PROBLEM DESCRIPTION →
Your answer must be the exact lines below, starting with the line with "Éxito deportivo y" and going on through the line with "highsnobiety-soundsystem-co-signs-pa-salieu-main", both included, with no pictures.

MATERIAL SHOWN →
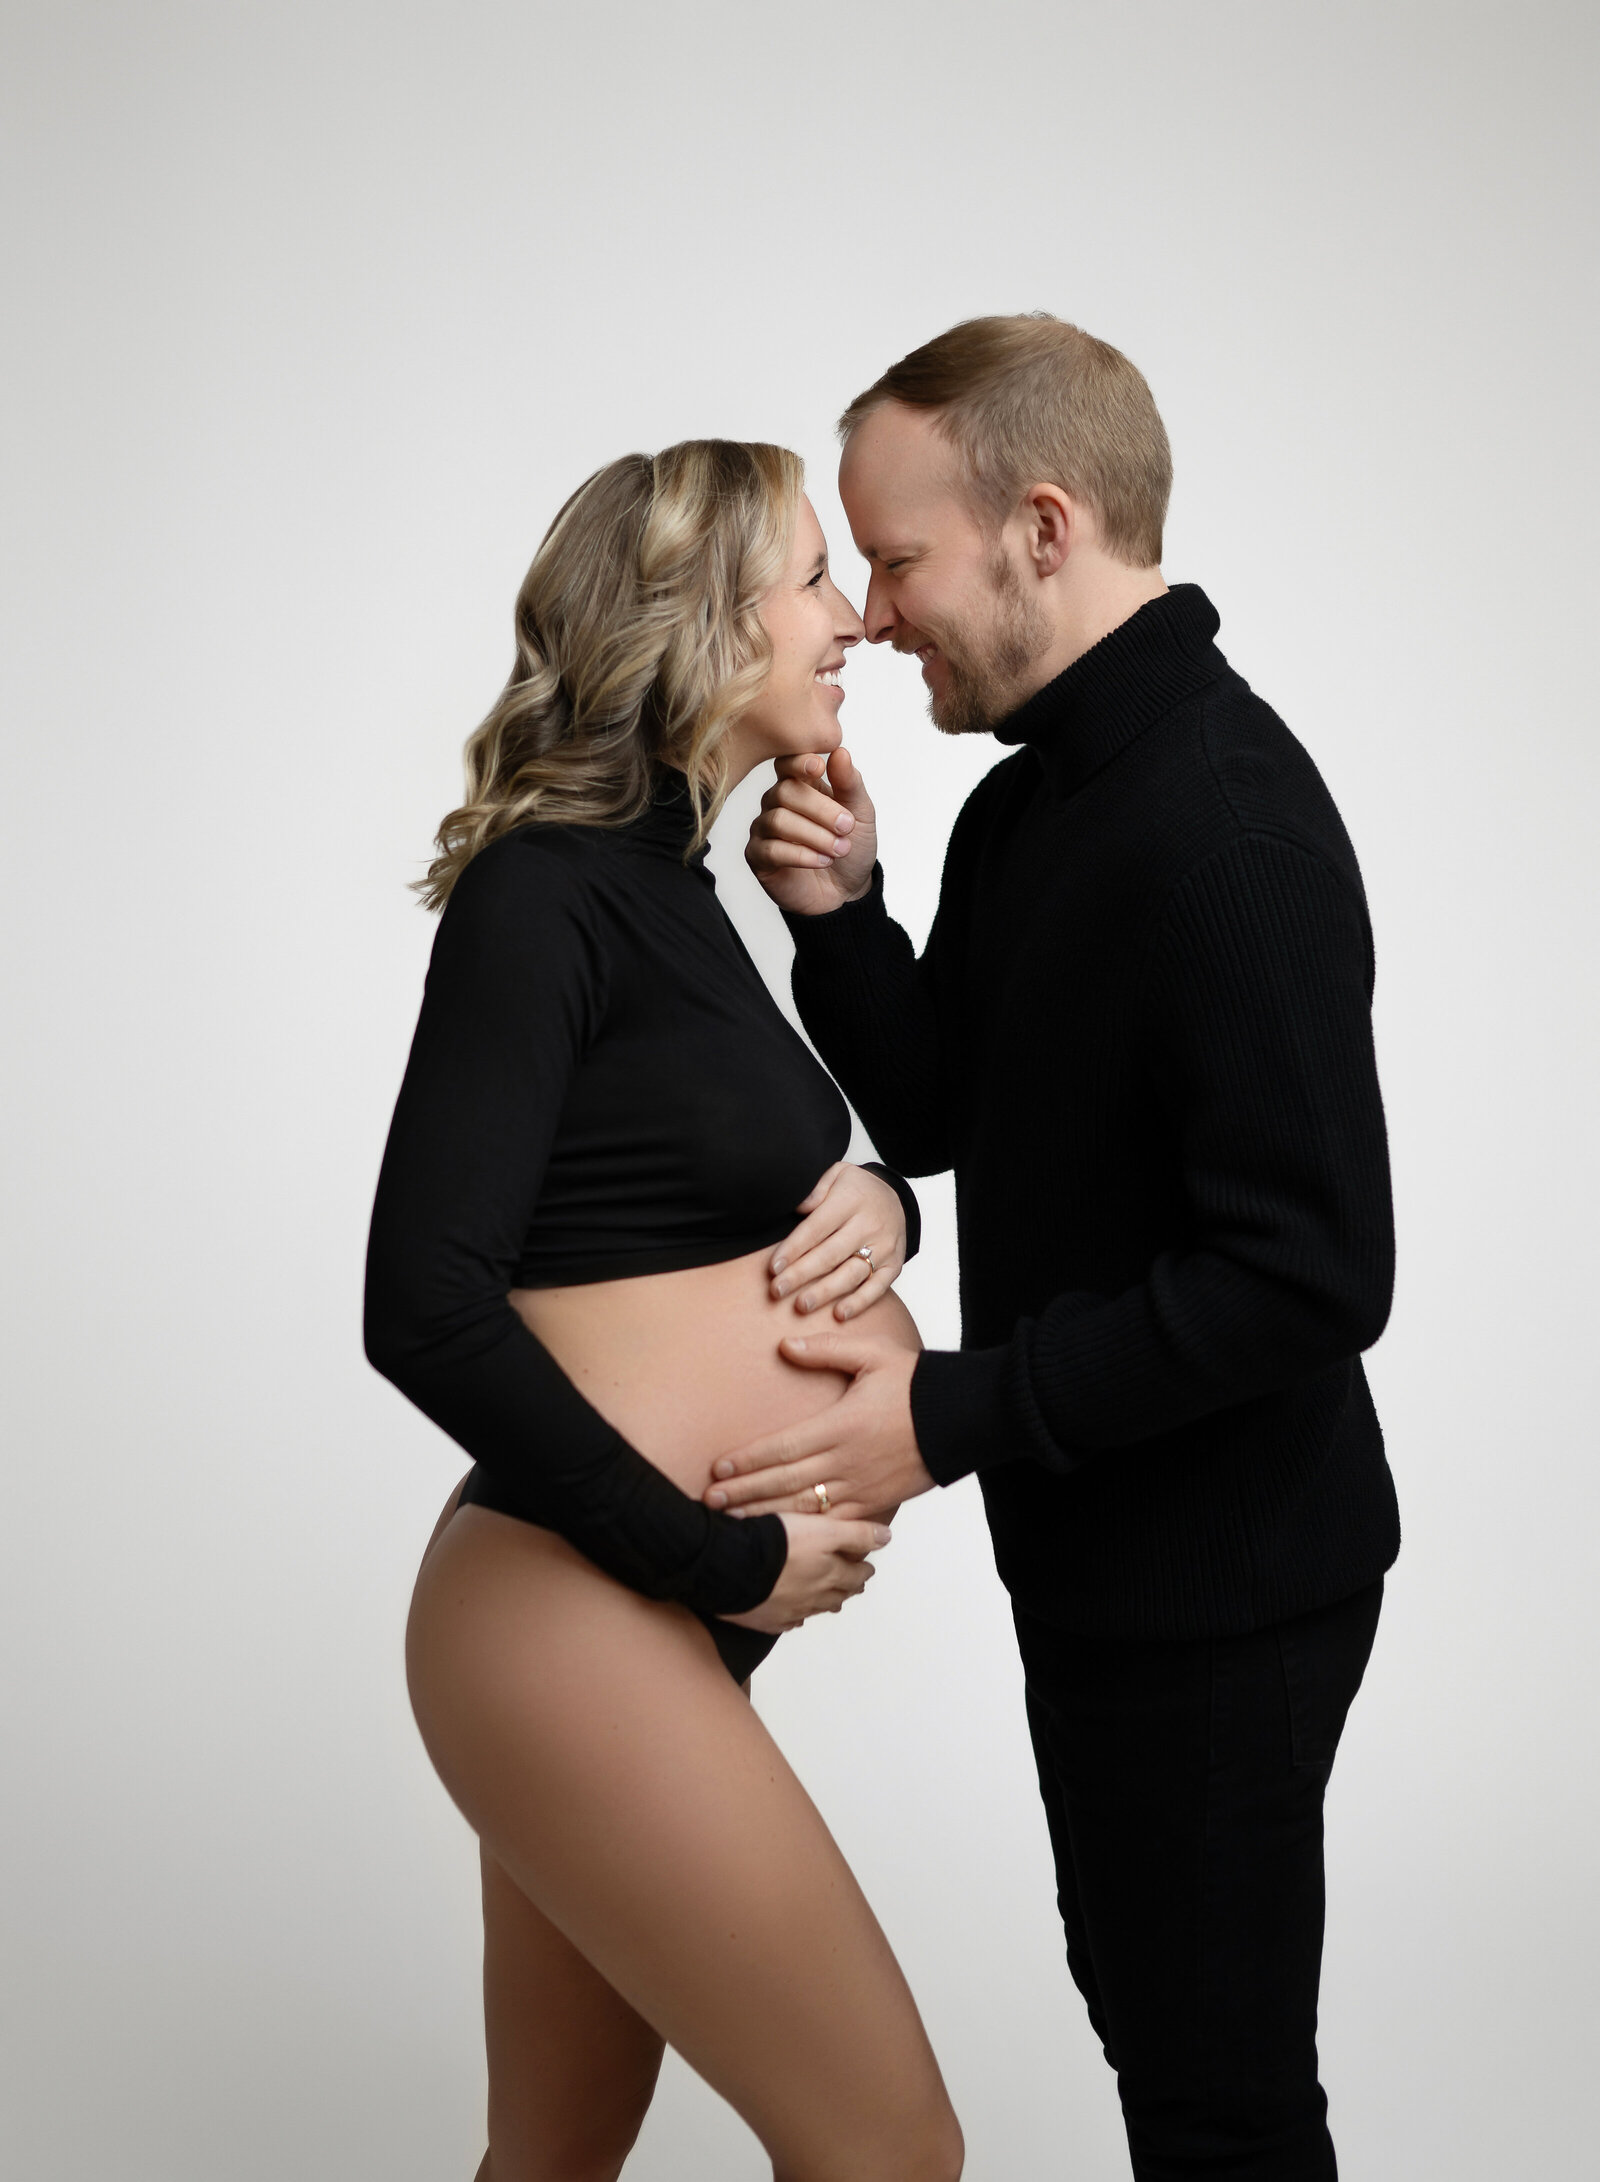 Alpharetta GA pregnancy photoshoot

--

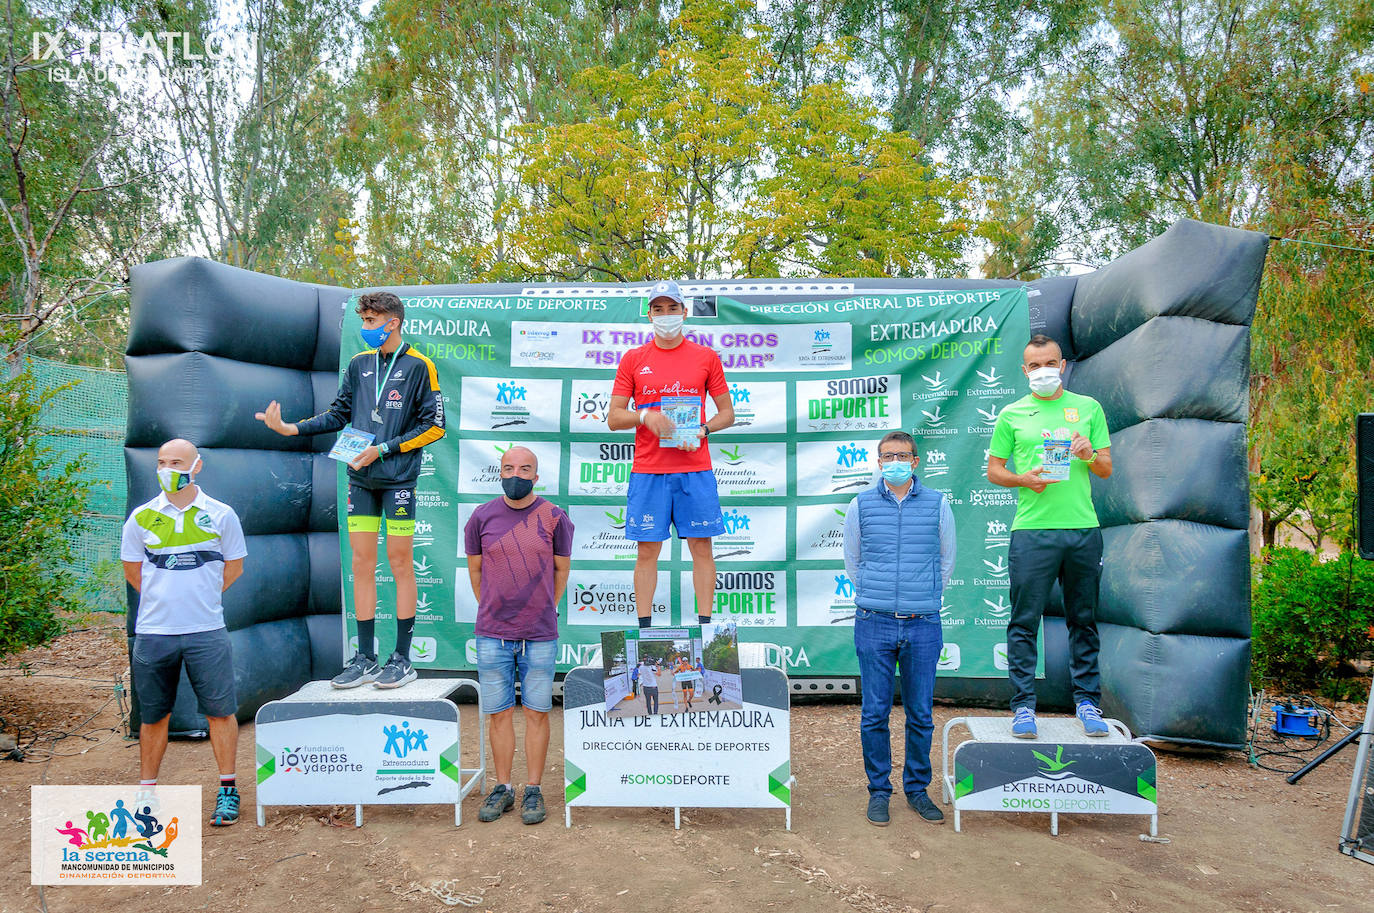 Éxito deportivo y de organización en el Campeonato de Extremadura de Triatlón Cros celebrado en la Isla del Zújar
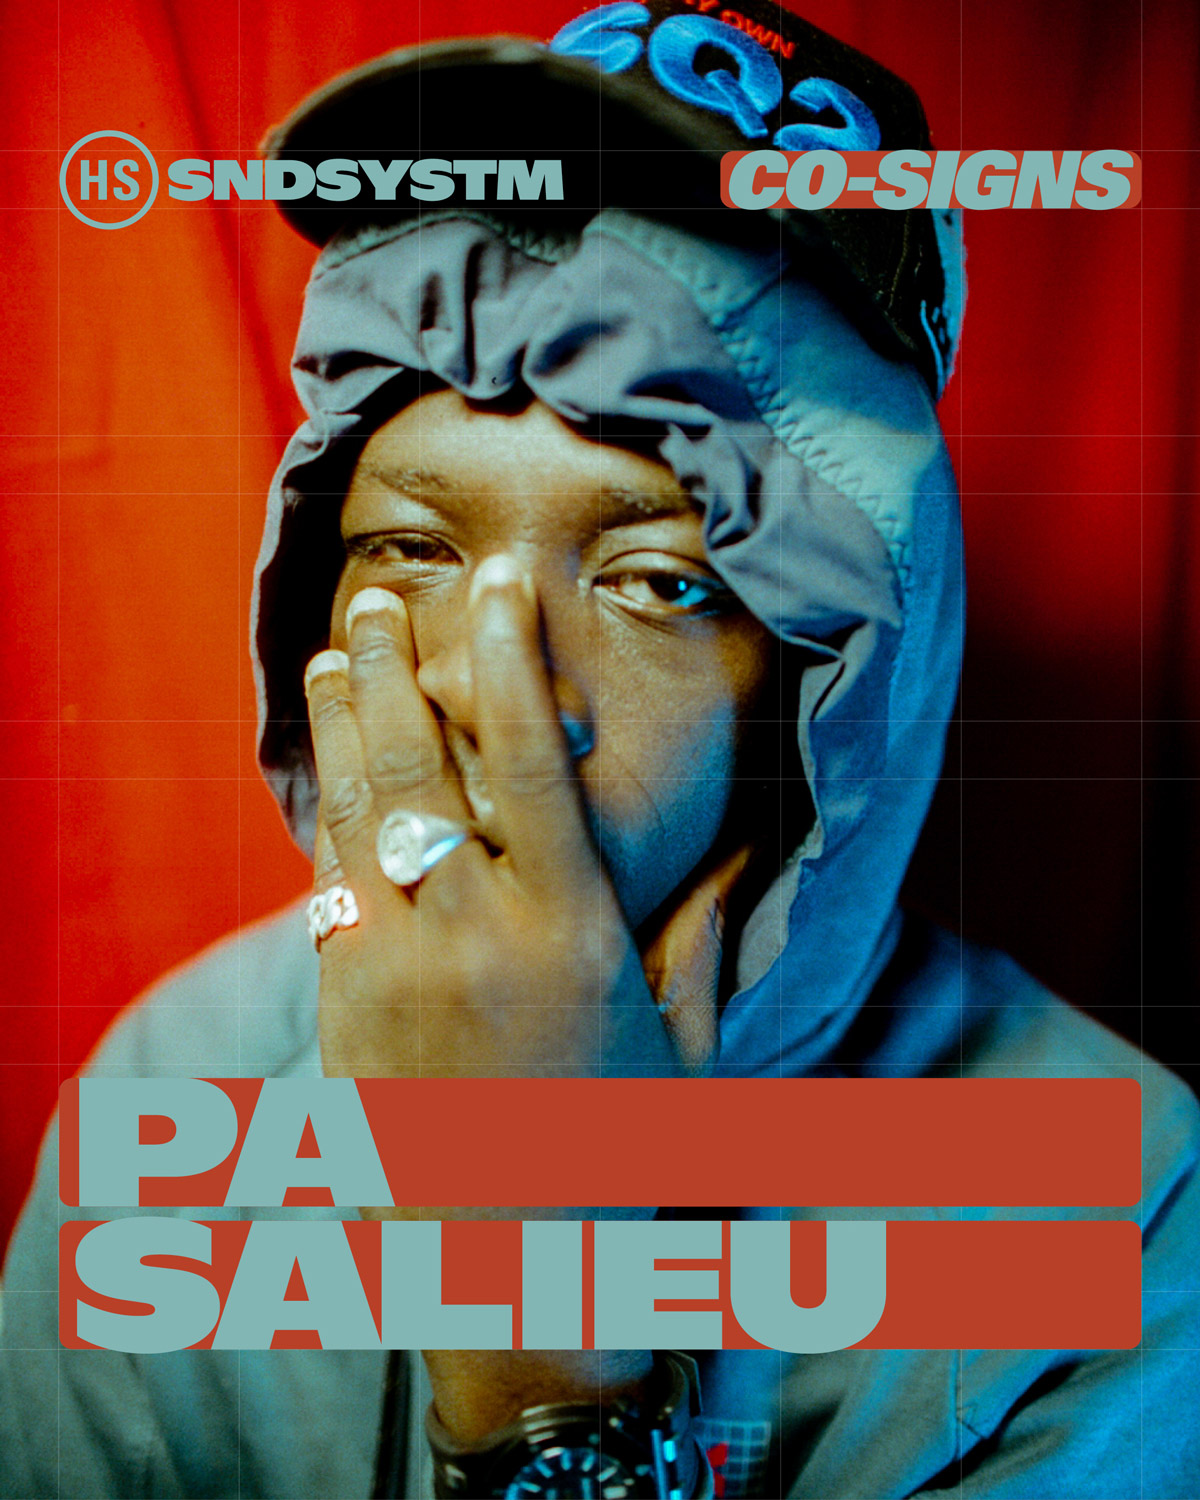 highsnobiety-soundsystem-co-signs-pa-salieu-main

TASK RESPONSE →
 Éxito deportivo y de organización en el Campeonato de Extremadura de Triatlón Cros celebrado en la Isla del Zújar
 highsnobiety-soundsystem-co-signs-pa-salieu-main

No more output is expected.